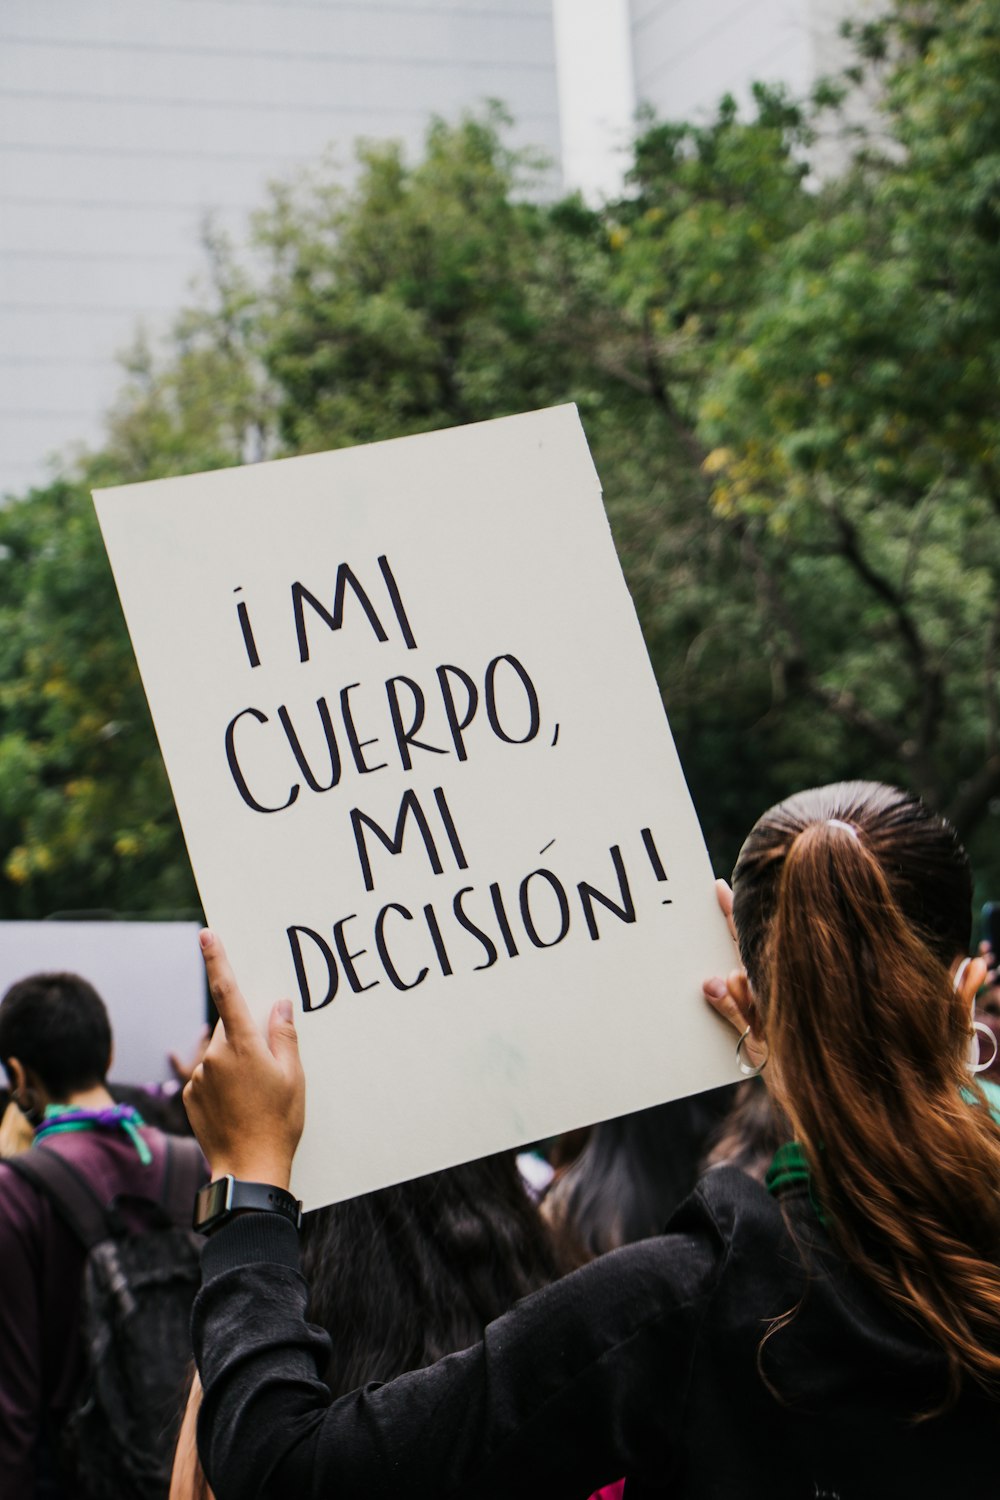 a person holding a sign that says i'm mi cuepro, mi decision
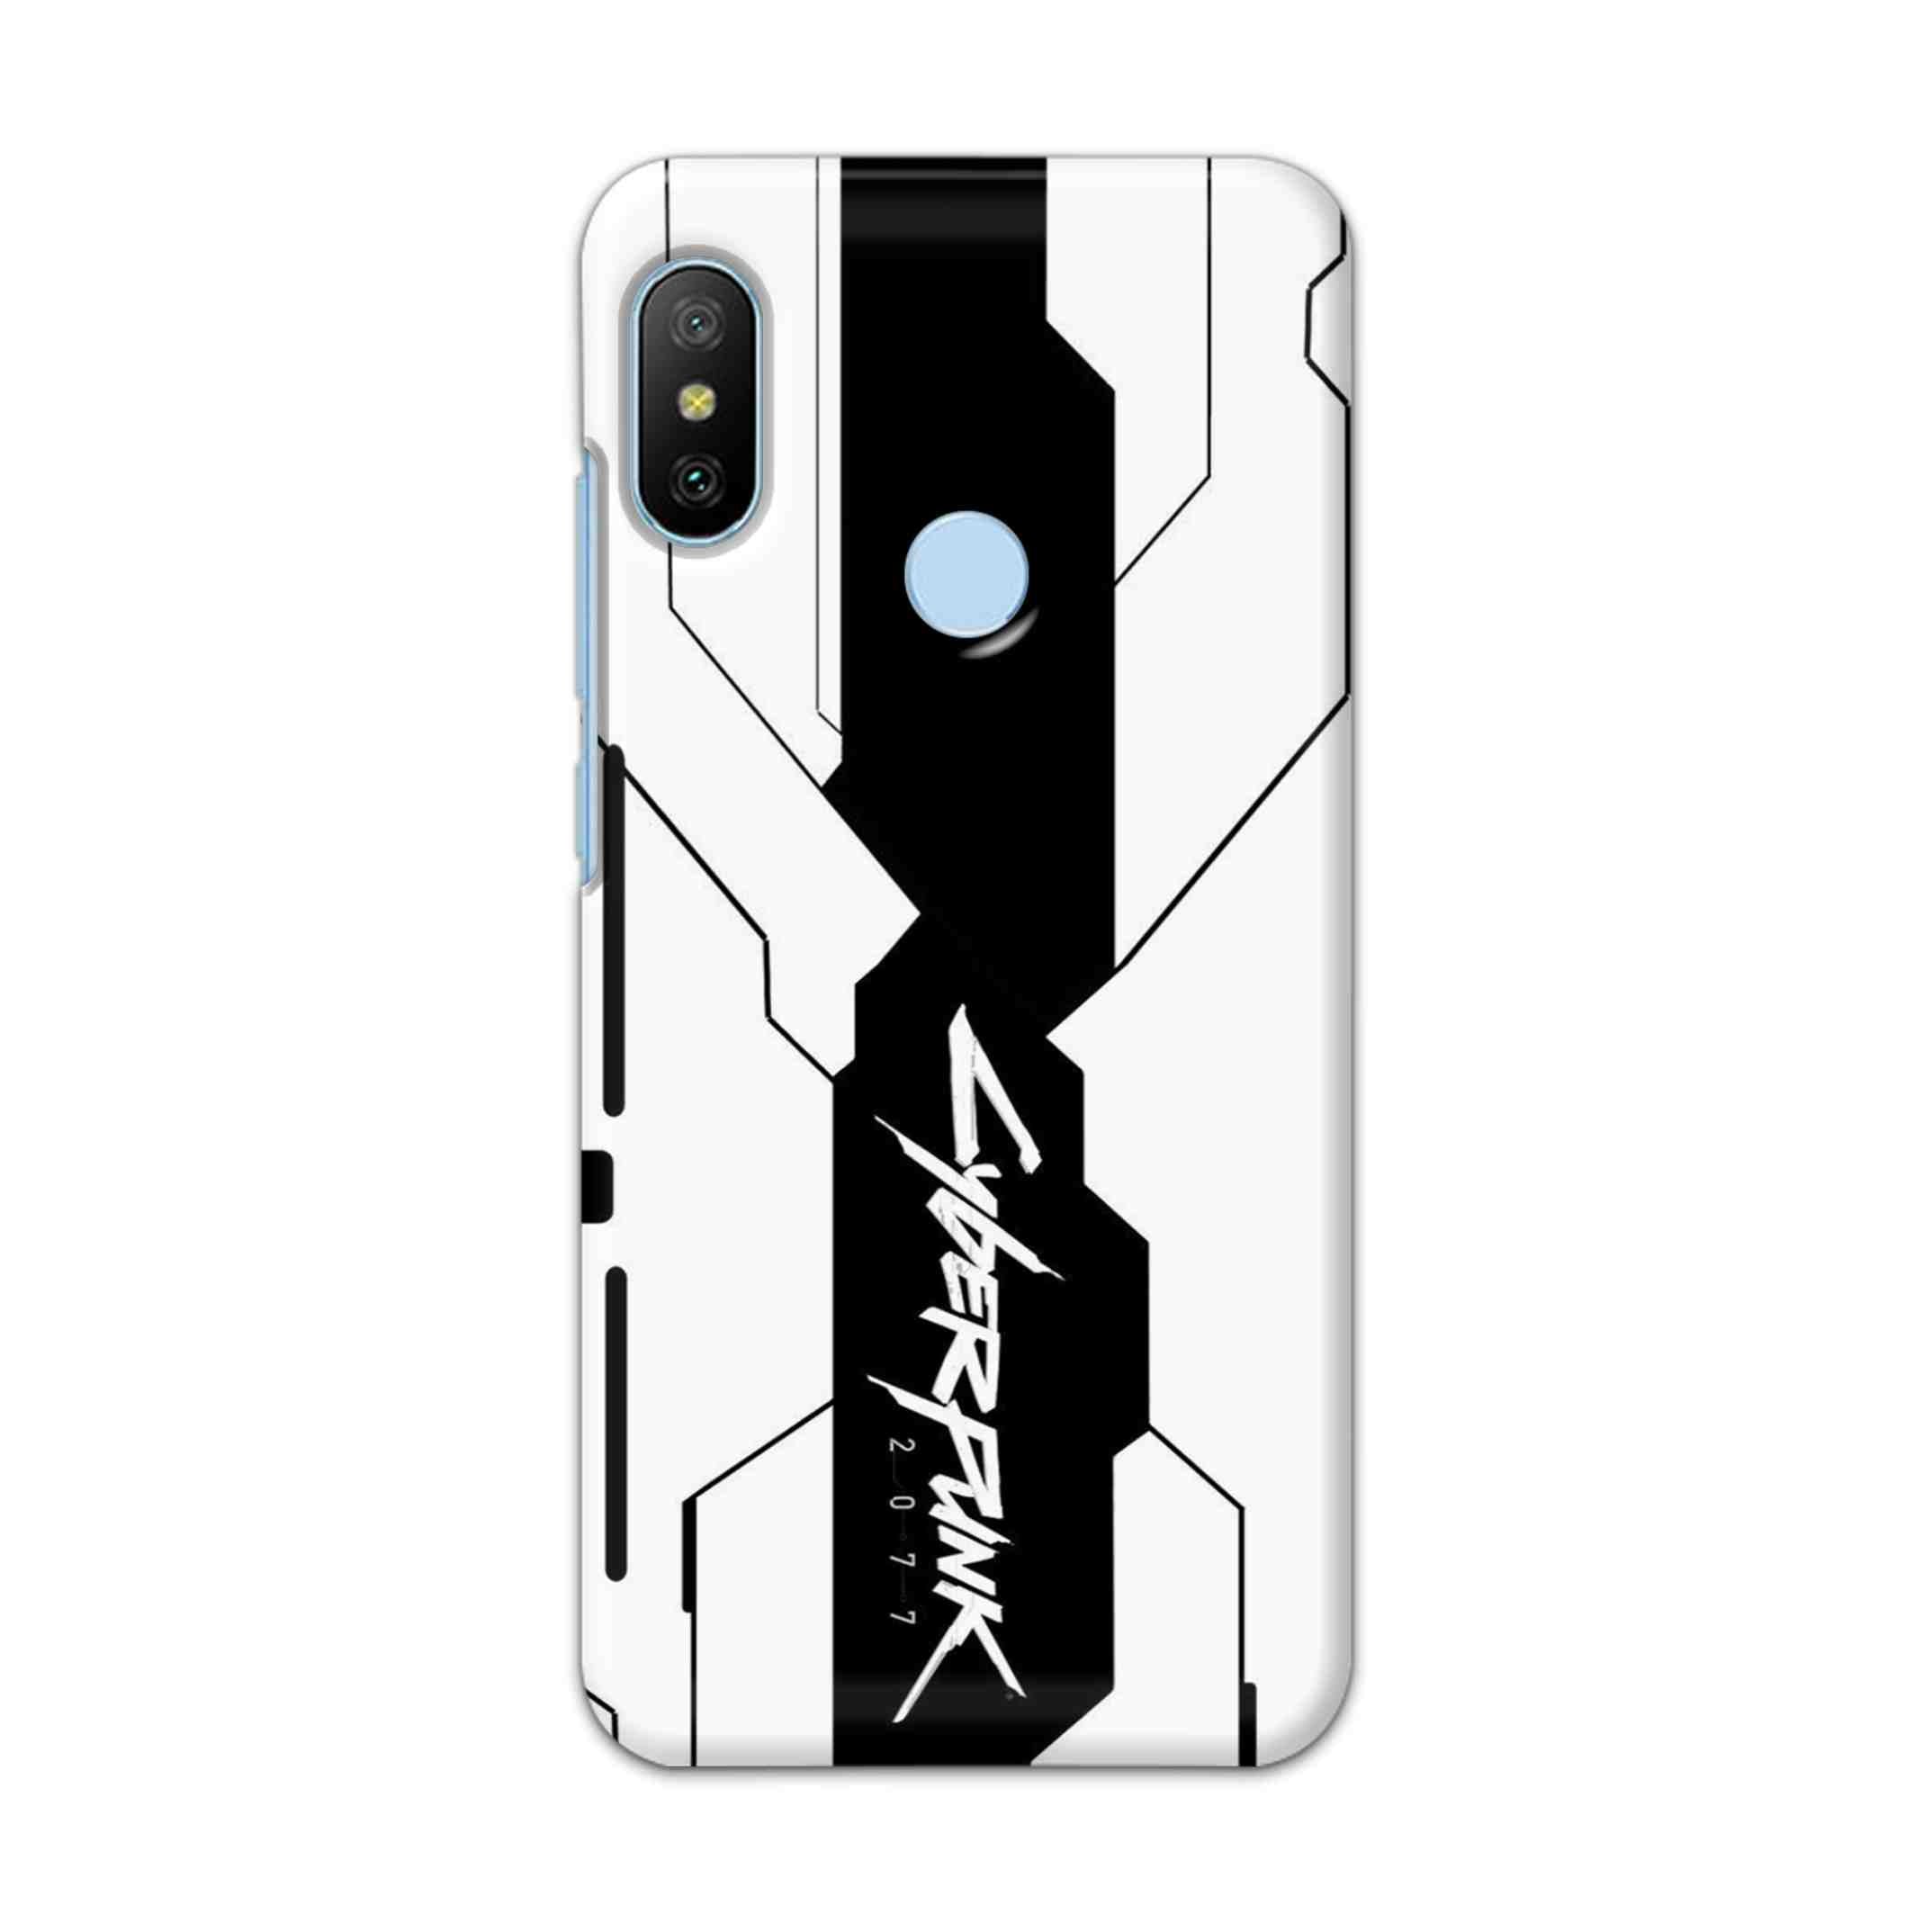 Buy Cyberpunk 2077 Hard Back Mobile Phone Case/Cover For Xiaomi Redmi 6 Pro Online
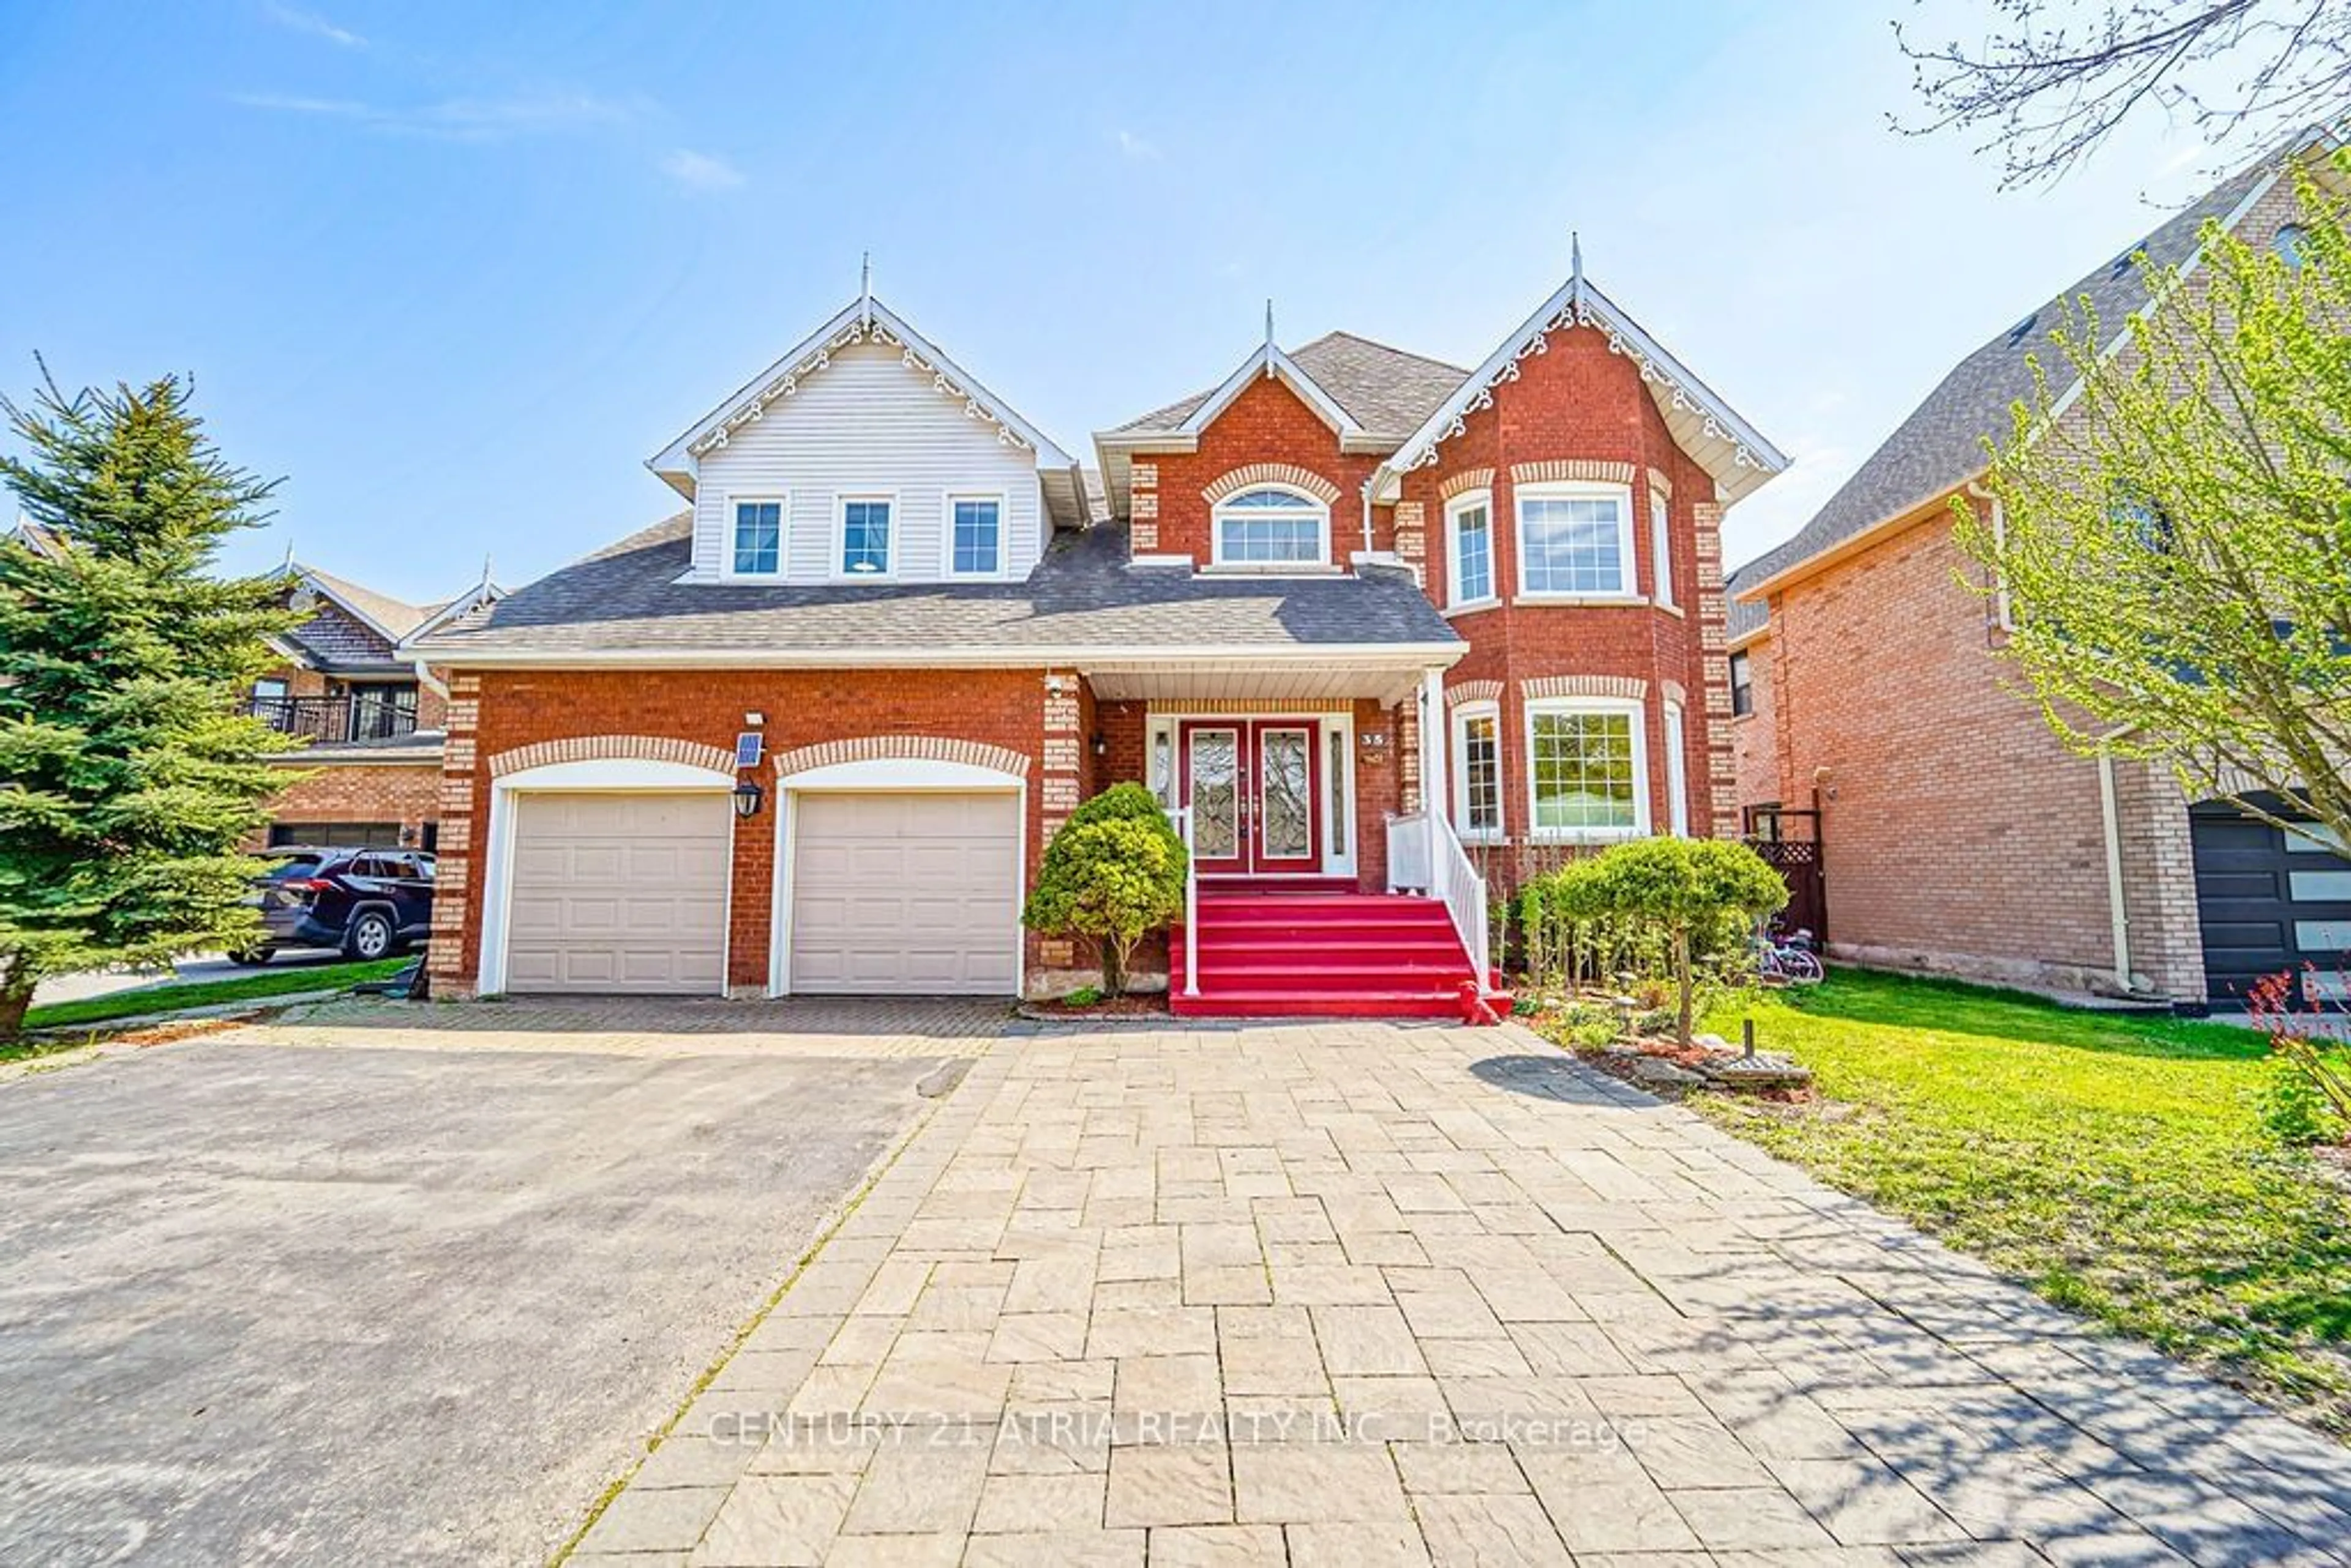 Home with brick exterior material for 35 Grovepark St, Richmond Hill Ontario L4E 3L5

TASK INSTRUCTIONS. Images in the data above are to be skipped. Retype all other material exactly.

SOLUTION TO THE EXERCISE.
 a person holding a sign that says i'm mi cuepro, mi decision
 Buy Cyberpunk 2077 Hard Back Mobile Phone Case/Cover For Xiaomi Redmi 6 Pro Online
 Home with brick exterior material for 35 Grovepark St, Richmond Hill Ontario L4E 3L5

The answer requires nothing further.